Their first product will be optimized for use with protein microarrays, and it should be available within nine months for research use. "We want to sell the first product for research use and convince the research community that it is a convenient and easy tool," he said. When that has been accomplished, the group anticipates developing products that can be applied in clinical diagnostics, but that could take at least three years to accomplish and require regulatory approvals.
"This plastic film doesn't care about what's underneath it," Singamaneni said. "It can be a DNA, RNA, or protein microarray, for example. If there is fluorescence and your nanoparticles are properly designed, you'll see 100-times enhancement."
In addition to scaling up their existing proof of concept, the researchers are looking into testing applications other than microtiter plates and microarrays, including flow cytometry and Western blotting.
In applying the plastic film, some processing of the polymer is required, "but nothing too difficult," and that lends to the technology's scalability, Singamaneni said. The “ready-to-use” technique can be integrated with current biomedical research and clinical infrastructure to generate immediate results and impact, the researchers said.
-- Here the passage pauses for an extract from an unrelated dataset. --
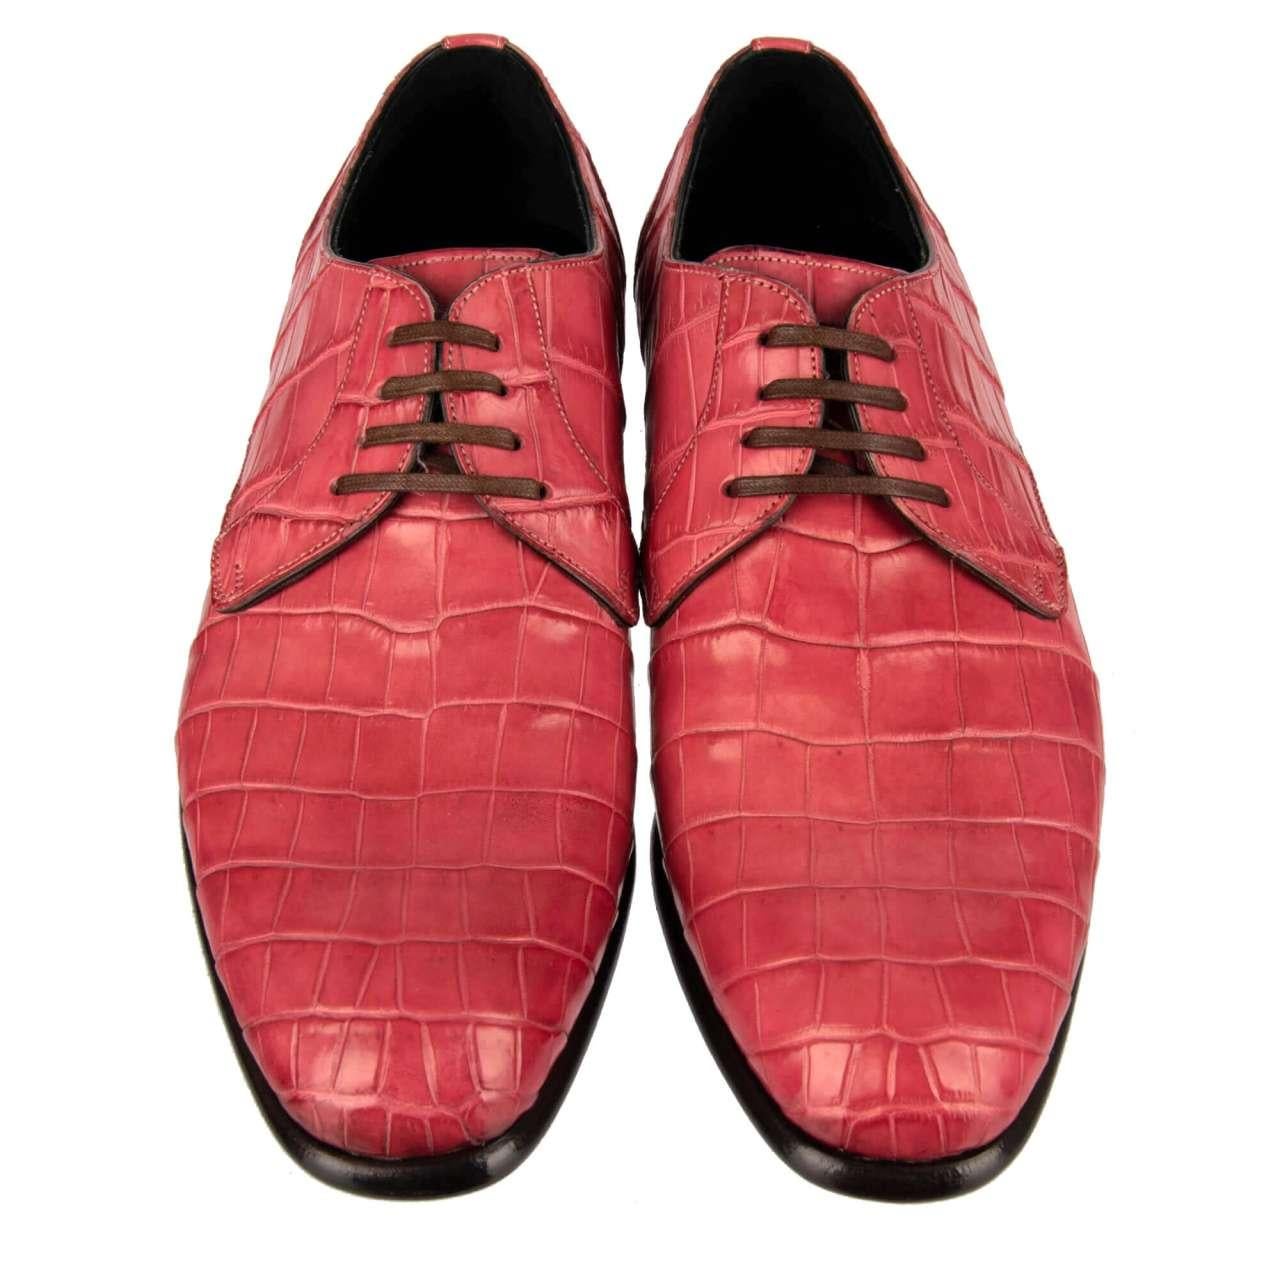 Dolce & Gabbana Crocodile Leather Derby Shoes SIENA Pink EUR 39 In Excellent Condition For Sale In Erkrath, DE

Cunningham noted that the patches can be "reproducibly and uniformly fabricated over large surface areas, cut to any desired size, and easily manipulated to place on glass slides, into the wells of microplates, or any other assay surface." The publication further describes how metal nanoparticles can be passivated with very thin dielectric thin films to prevent metal quenching of fluorophores. "It represents a simple, inexpensive, and robust way to improve the detection limits of broad classes of assays," Cunningham added.